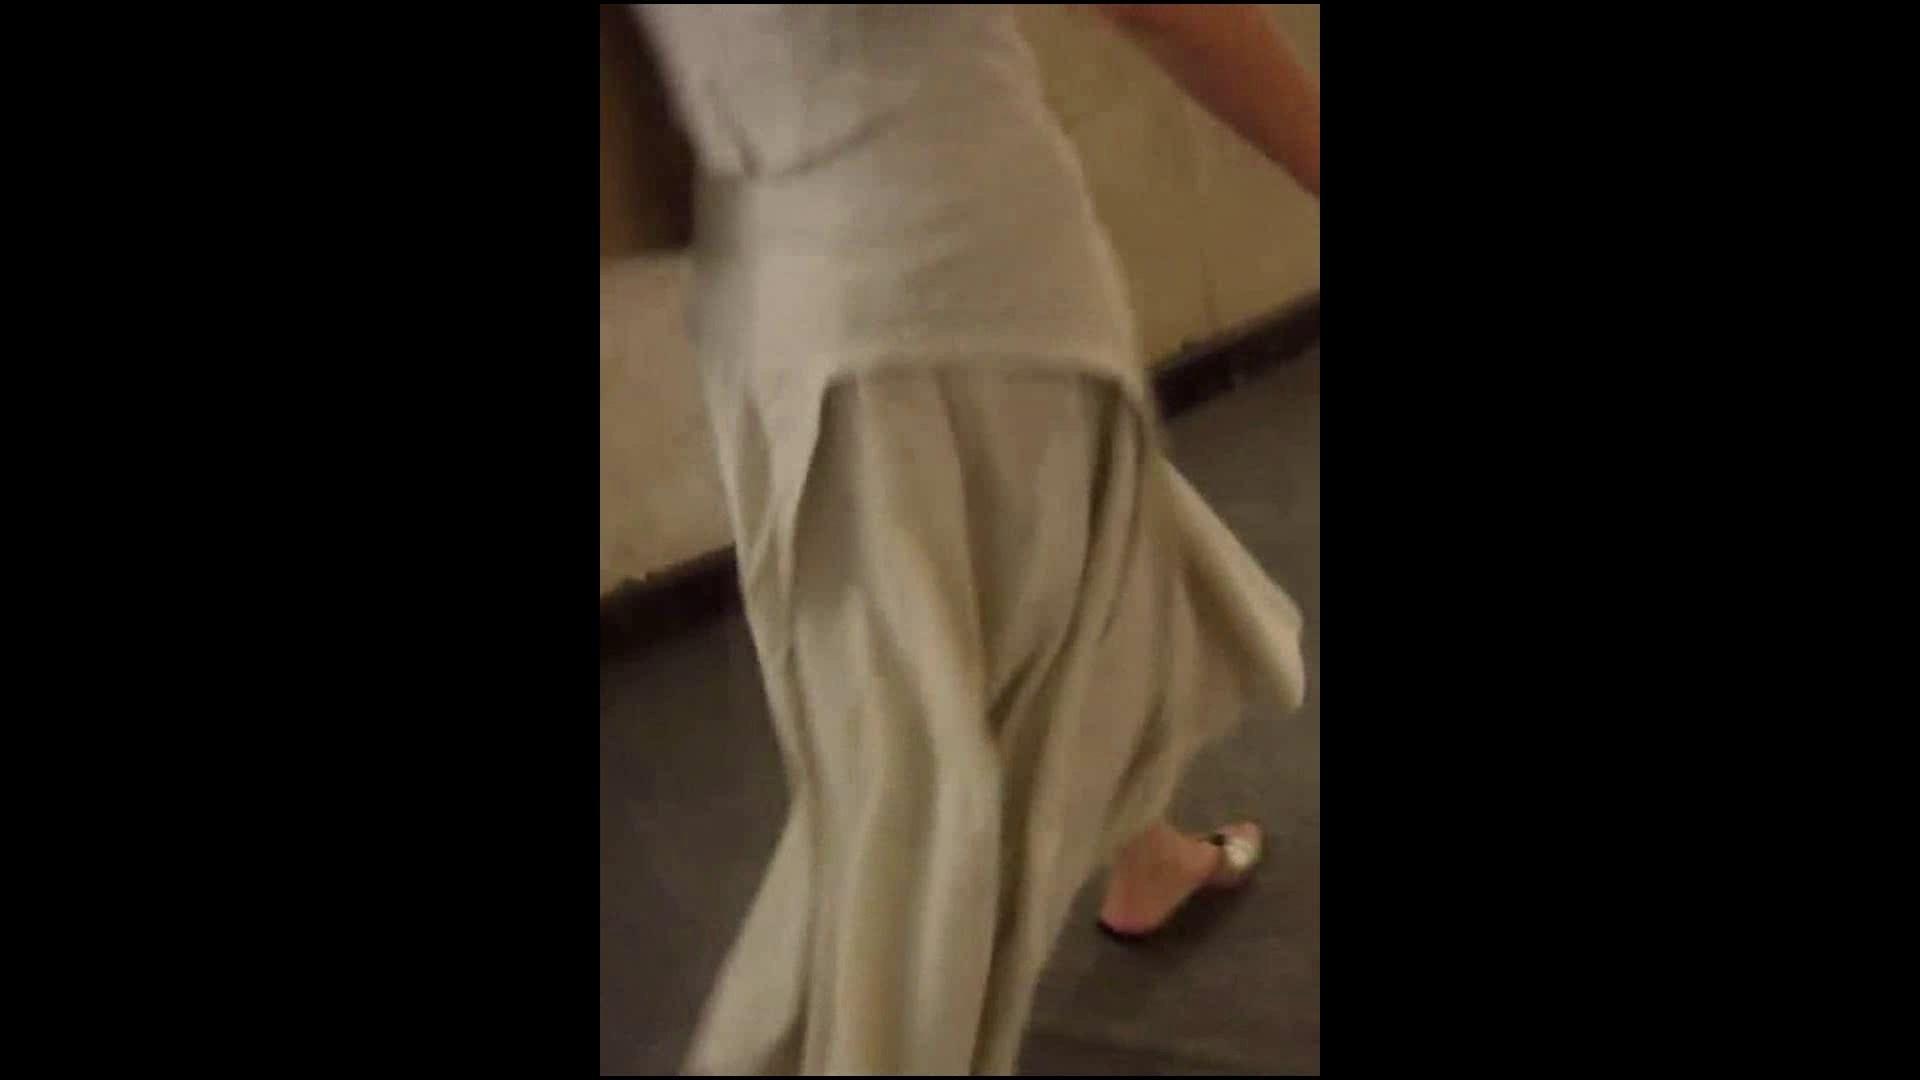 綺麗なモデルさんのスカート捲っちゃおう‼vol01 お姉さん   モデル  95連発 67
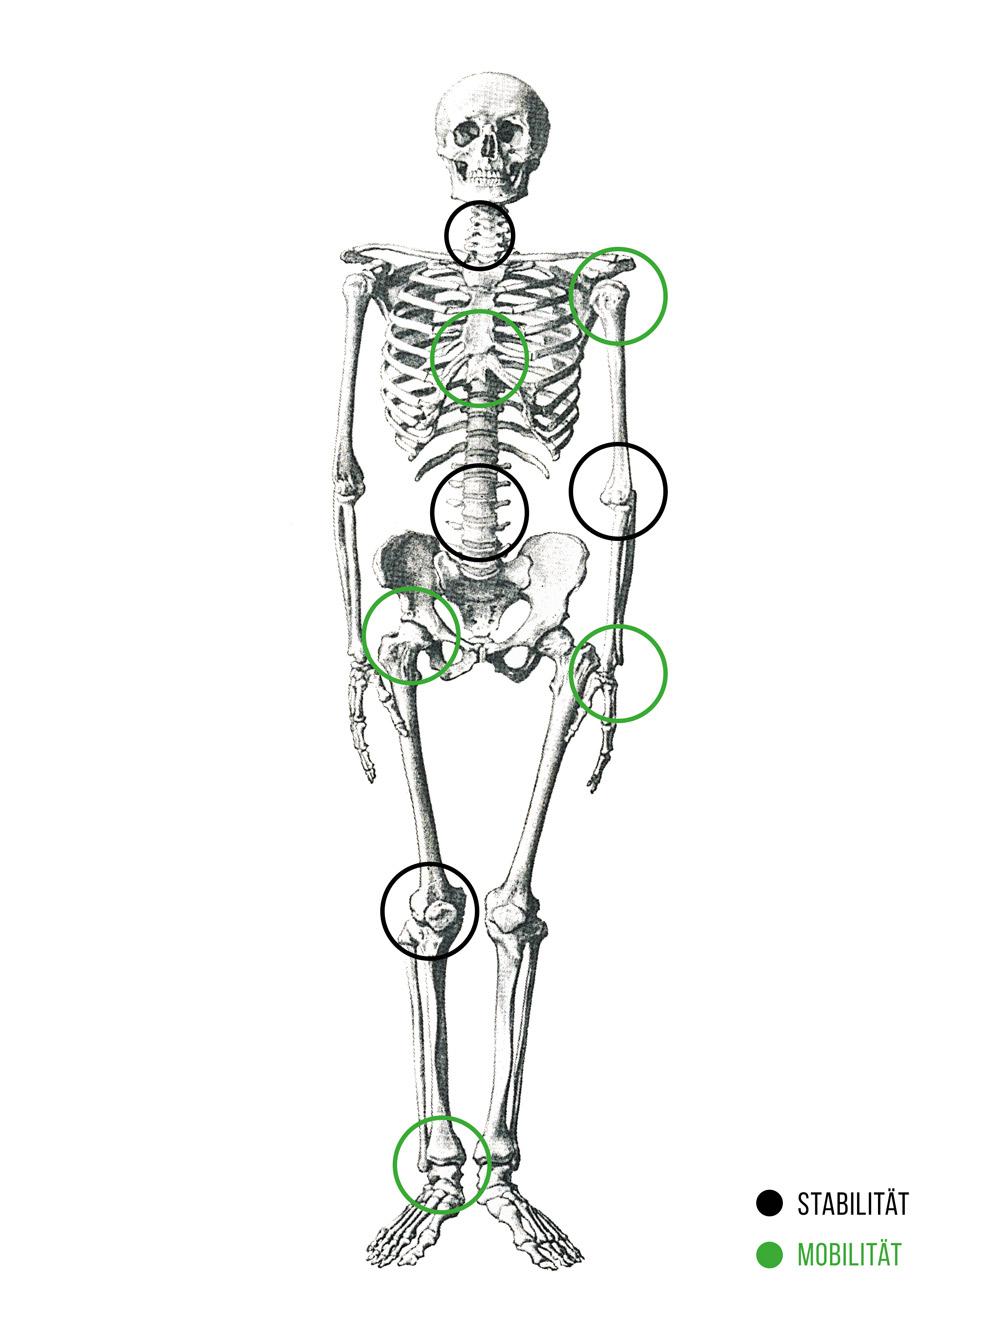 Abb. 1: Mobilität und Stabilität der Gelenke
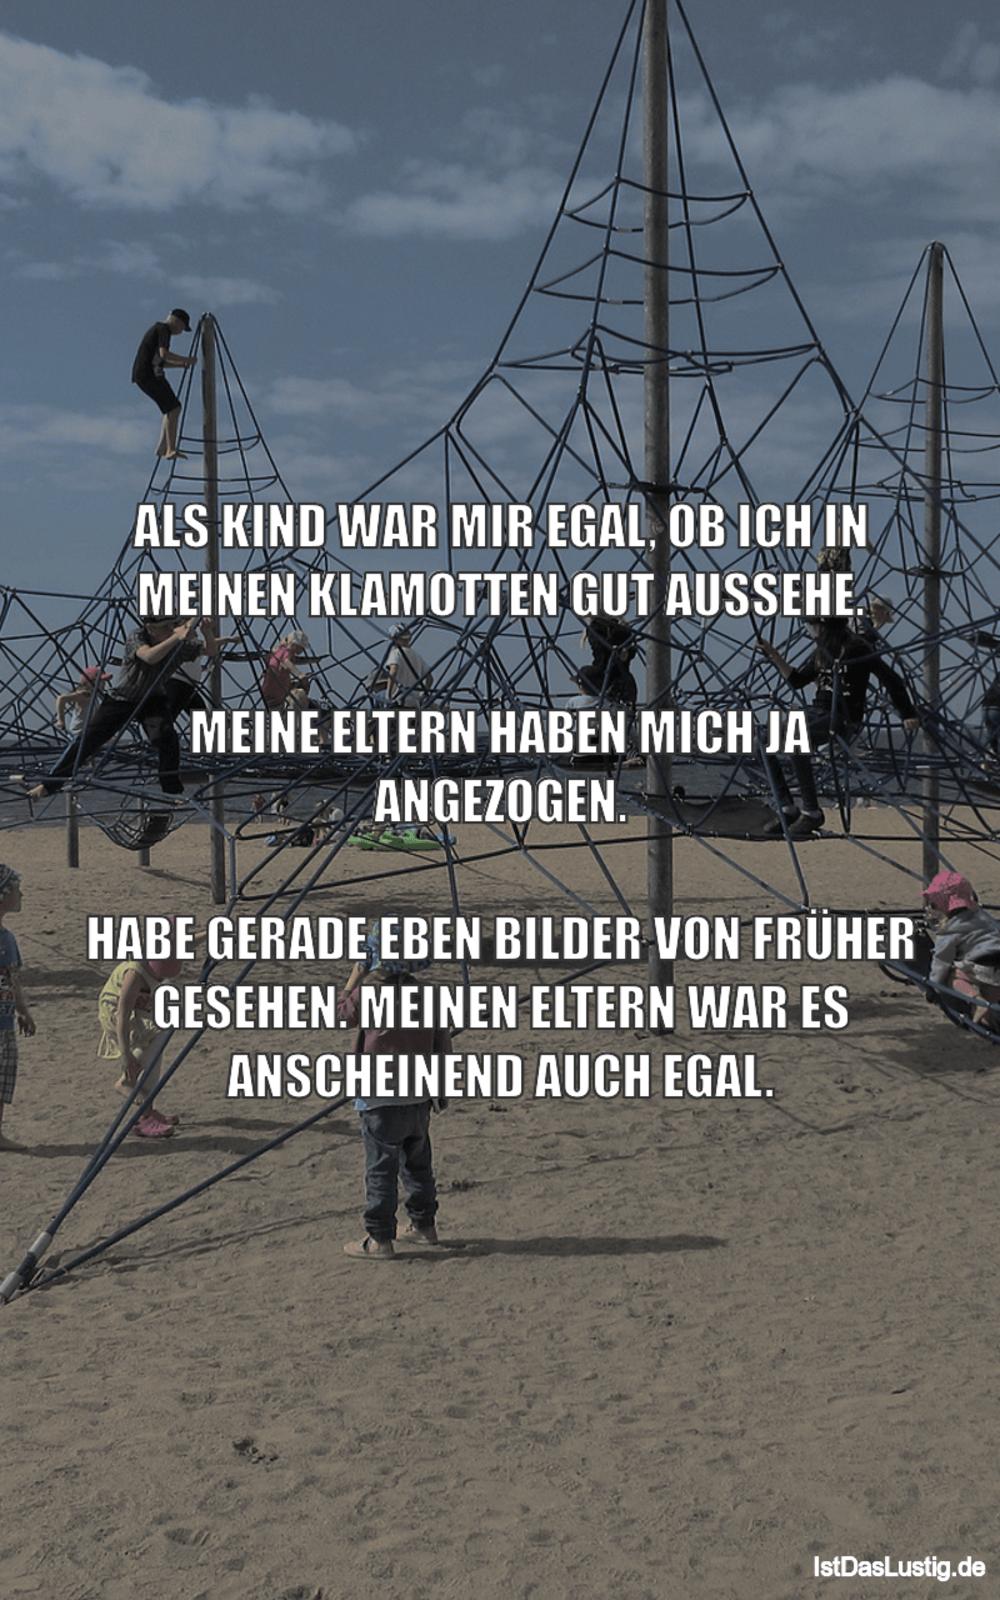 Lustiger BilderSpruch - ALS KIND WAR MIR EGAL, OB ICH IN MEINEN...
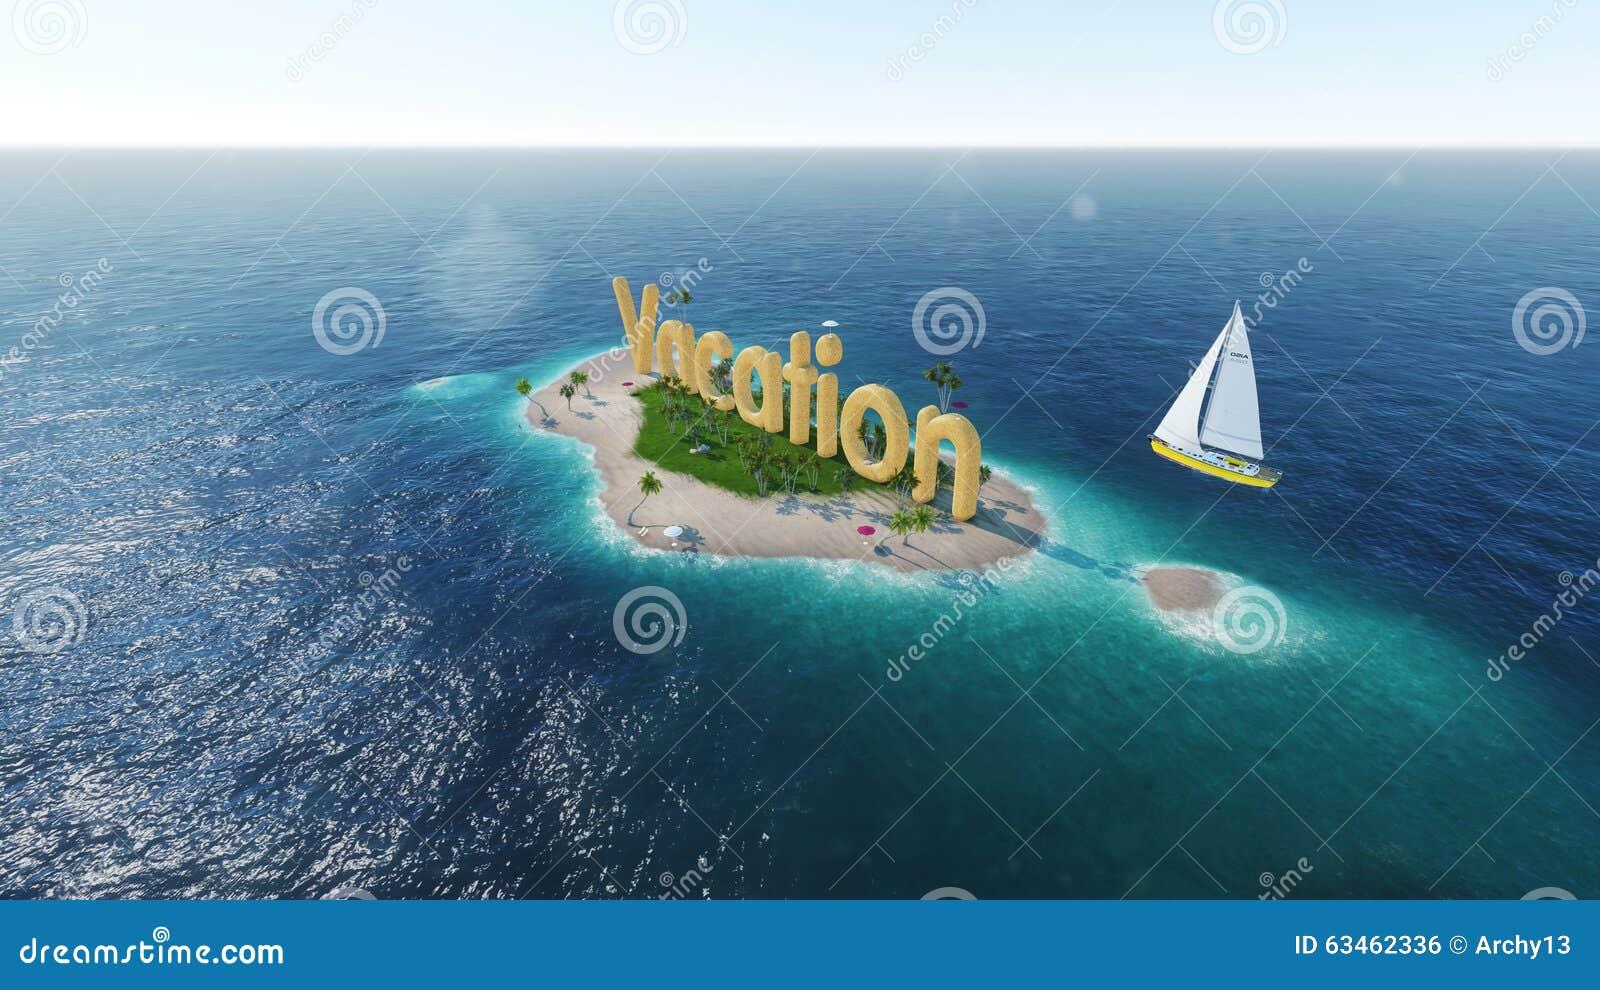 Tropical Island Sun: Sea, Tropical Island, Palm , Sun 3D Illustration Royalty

# # # #

Leave out the pictures, and write out exactly the lines from the one containing "Lustiger BilderSpruch - ALS" through the last line of the listing, both included.

== Answer space ==
 Lustiger BilderSpruch - ALS KIND WAR MIR EGAL, OB ICH IN MEINEN...
 Tropical Island Sun: Sea, Tropical Island, Palm , Sun 3D Illustration Royalty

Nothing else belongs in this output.